The force measuring mechanism 40 includes a first driving device 41, a pressure sensor 42 and at least one detection probe 43. The pressure sensor 42 and the detection probe 43 are connected to the first driving device 41. The first driving device 41 drives the pressure sensor 42 and the detection probe 43 to slide relative to the base 10 along the height direction of the tester 100. The pressure sensor 42 is used to detect the elastic force of the probe type connector.

The resistor disk 200 is electrically connected to the tester 100, and is used to measure the impedance and current of the probe type connector between the detection probe 43 and the placement board 30. The power supply 300 is electrically connected to the tester 100. The host computer 400 is electrically connected to the tester 100, the resistor disk 200 and the power supply 300.

In the probe connector performance testing device 1000 of the embodiment of the present application, by controlling the detection probe 43 to move and press down the probe connector to be tested to measure the elastic force of the probe connector, the power supply 300 and the resistor disk 200 are connected to the probe connector to be tested, thereby enabling the measurement of the current and impedance of the probe connector. The present application completes the three test items of elastic force, current and resistance that were originally tested at at least two workstations at one workstation, thereby shortening the detection time of at least one probe connector and improving the detection rate.

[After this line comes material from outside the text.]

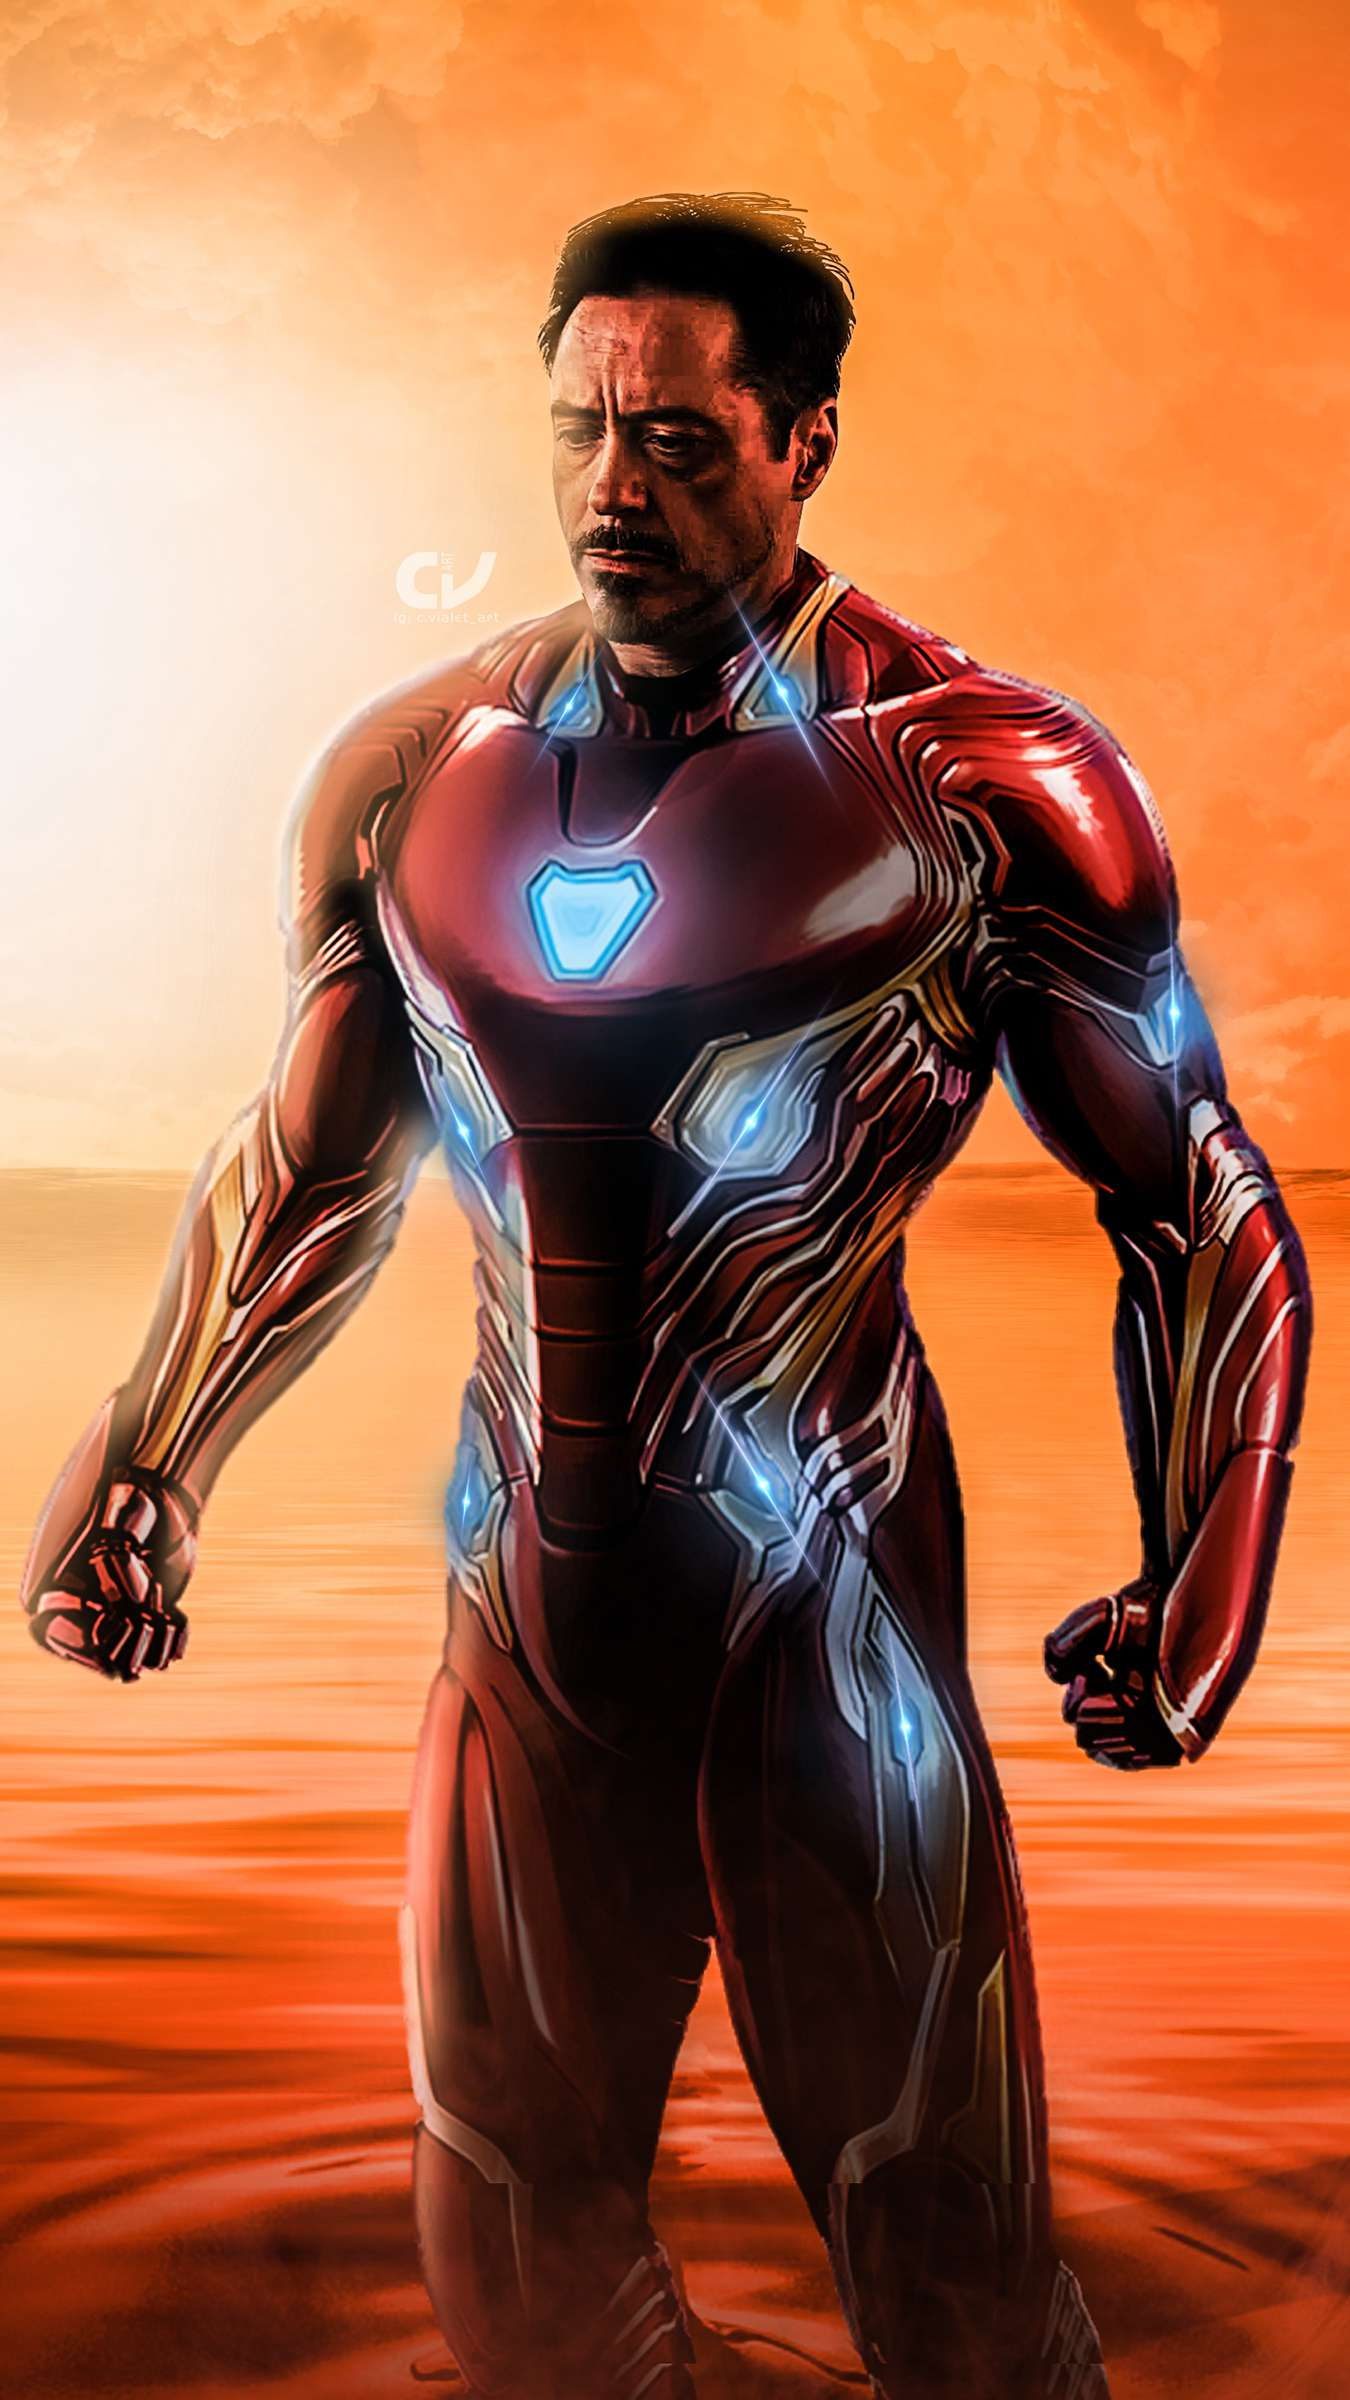 Avengers Endgame Iron Man in Soul World iPhone Wallpaper
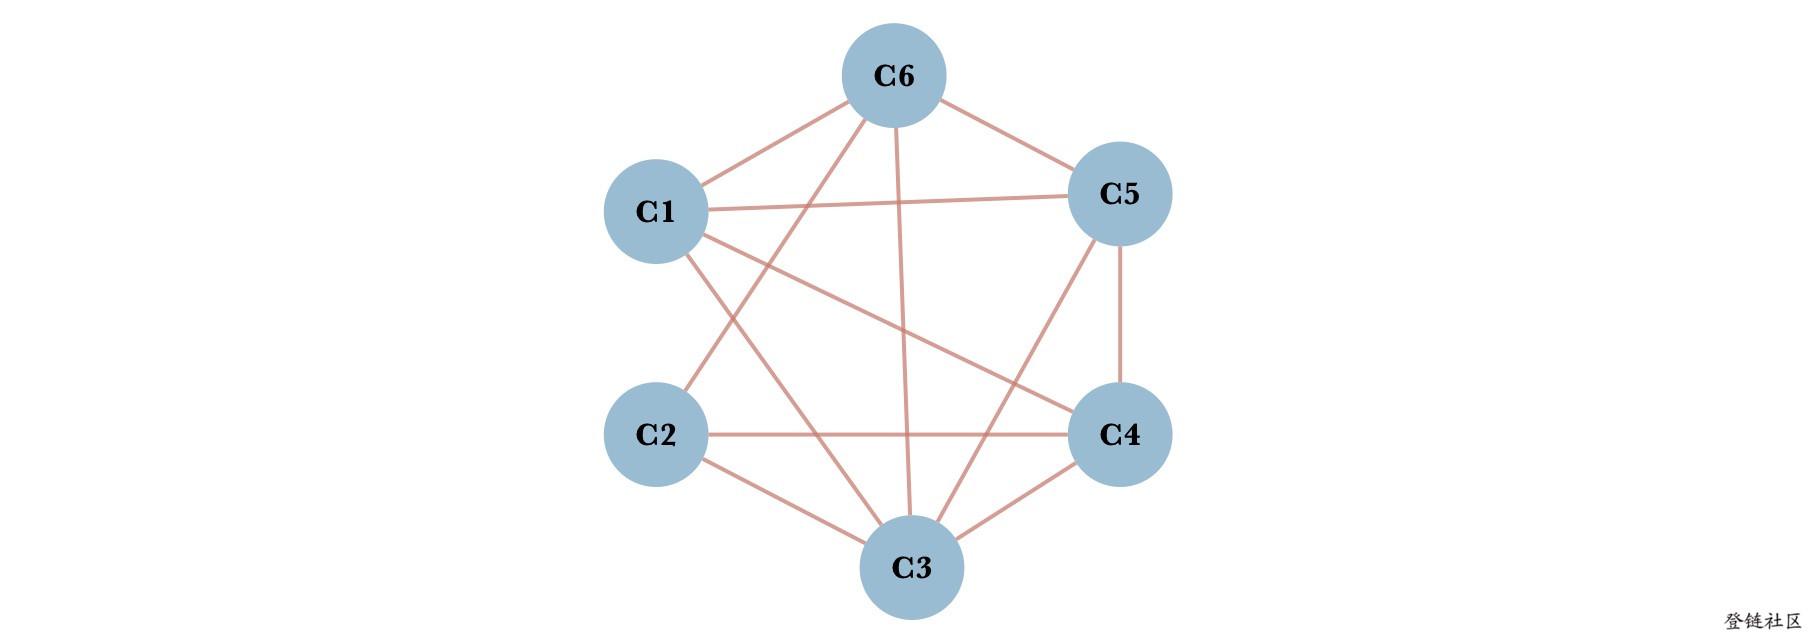 p2p网络模型

It should be noted that in this application, for the convenience of writing, the height direction of the tester 100 is defined as the Z-axis direction, the width direction of the tester 100 is defined as the Y-axis direction, and the length direction of the tester 100 is defined as the X-axis direction.

Specifically, the detection principle of the probe connector performance detection device 1000 is to electrically connect the positive and negative electrodes of the power supply 300 to the resistor disk 200 through two wires respectively, and the resistor disk 200 is electrically connected to the detection probe 43 through one wire, and then electrically connected to the placement board 30 through another wire. The probe connector is placed on the placement board 30 through the accommodating groove 301, and the first driving device 41 drives the detection probe 43 to move along the Z-axis direction toward the placement board 30 until the detection probe 43 abuts against the side of the probe connector to be tested away from the placement board 30 to apply an elastic force to the probe connector, and the pressure sensor 42 connected to the detection probe 43 can detect the magnitude of the elastic force. At the same time, the power supply 300 is connected to the resistor disk 200, and the resistor disk 200 is electrically connected to the detection probe 43 and the placement plate 30. When the detection probe 43 moves along the Z-axis direction and contacts the probe connector to be tested, the power supply 300, the resistor disk 200 and the probe connector to be tested are turned on. The current and resistance of the probe connector to be tested can be detected through the detection circuit of the resistor box. The measured elastic force value, working current and resistance value of the probe connector can be output to the host computer 400 software module for display.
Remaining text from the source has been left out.